Returns the last and all the rest of the elements of the slice, or None if it is empty.

Examples

let x = &mut [0, 1, 2];

if let Some((last, elements)) = x.split_last_mut() {
    *last = 3;
    elements[0] = 4;
    elements[1] = 5;
}
assert_eq!(x, &[4, 5, 3]);

fn last(&self) -> Option<&T>

Returns the last element of the slice, or None if it is empty.

Examples

let v = [10, 40, 30];
assert_eq!(Some(&30), v.last());

let w: &[i32] = &[];
assert_eq!(None, w.last());

fn last_mut(&mut self) -> Option<&mut T>

Returns a mutable pointer to the last item in the slice.

Examples

let x = &mut [0, 1, 2];

if let Some(last) = x.last_mut() {
    *last = 10;
}
assert_eq!(x, &[0, 1, 10]);

fn get<I>(&self, index: I) -> Option<&I::Output> where
    I: SliceIndex<[T]>, 

Returns a reference to an element or subslice depending on the type of index.

• If given a position, returns a reference to the element at that position or None if out of bounds.
• If given a range, returns the subslice corresponding to that range, or None if out of bounds.

Examples

let v = [10, 40, 30];
assert_eq!(Some(&40), v.get(1));
assert_eq!(Some(&[10, 40][..]), v.get(0..2));
assert_eq!(None, v.get(3));
assert_eq!(None, v.get(0..4));

fn get_mut<I>(&mut self, index: I) -> Option<&mut I::Output> where
    I: SliceIndex<[T]>, 

Returns a mutable reference to an element or subslice depending on the type of index (see get) or None if the index is out of bounds.

Examples

let x = &mut [0, 1, 2];

if let Some(elem) = x.get_mut(1) {
    *elem = 42;
}
assert_eq!(x, &[0, 42, 2]);

unsafe fn get_unchecked<I>(&self, index: I) -> &I::Output where
    I: SliceIndex<[T]>, 

Returns a reference to an element or subslice, without doing bounds checking. So use it very carefully!

Examples

let x = &[1, 2, 4];

unsafe {
    assert_eq!(x.get_unchecked(1), &2);
}

unsafe fn get_unchecked_mut<I>(&mut self, index: I) -> &mut I::Output where
    I: SliceIndex<[T]>, 

Returns a mutable reference to an element or subslice, without doing bounds checking. So use it very carefully!

Examples

let x = &mut [1, 2, 4];

unsafe {
    let elem = x.get_unchecked_mut(1);
    *elem = 13;
}
assert_eq!(x, &[1, 13, 4]);

fn as_ptr(&self) -> *const T

Returns a raw pointer to the slice's buffer.
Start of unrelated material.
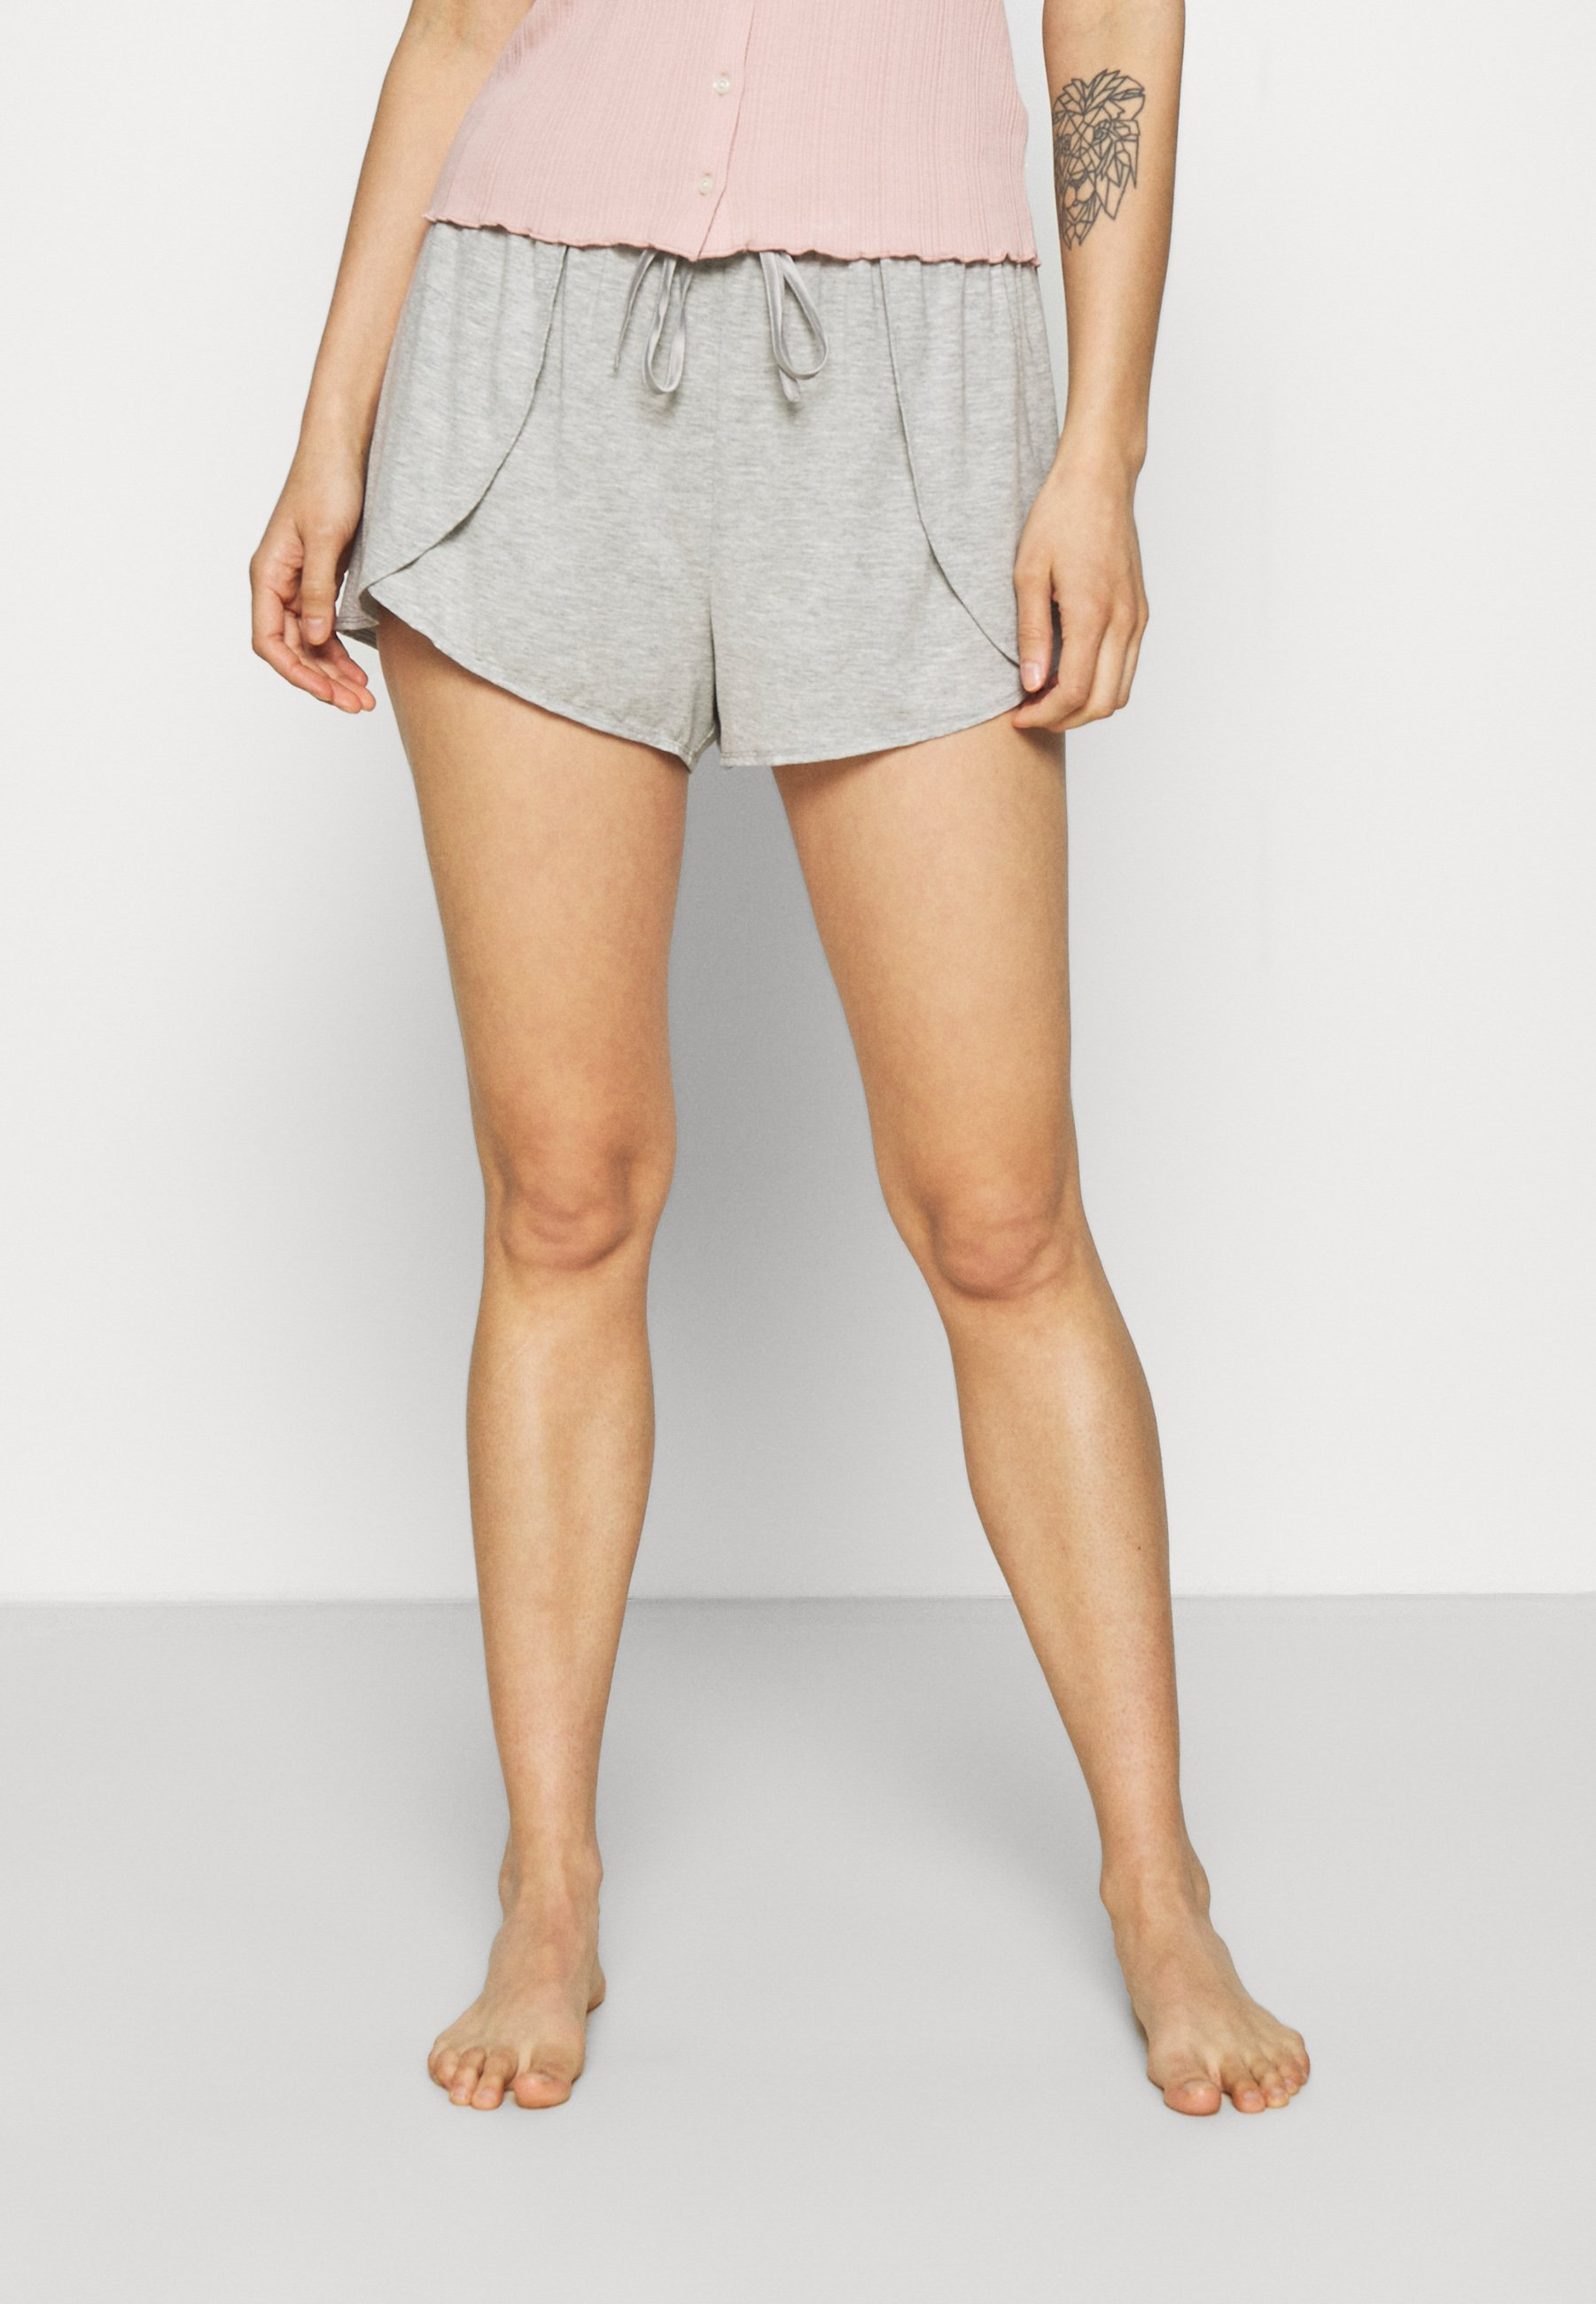 Donna TULIP - Pantaloni del pigiama

The caller must ensure that the slice outlives the pointer this function returns, or else it will end up pointing to garbage.

Modifying the container referenced by this slice may cause its buffer to be reallocated, which would also make any pointers to it invalid.

Examples

let x = &[1, 2, 4];
let x_ptr = x.as_ptr();

unsafe {
    for i in 0..x.len() {
        assert_eq!(x.get_unchecked(i), &*x_ptr.offset(i as isize));
    }
}

fn as_mut_ptr(&mut self) -> *mut T

Returns an unsafe mutable pointer to the slice's buffer.

The caller must ensure that the slice outlives the pointer this function returns, or else it will end up pointing to garbage.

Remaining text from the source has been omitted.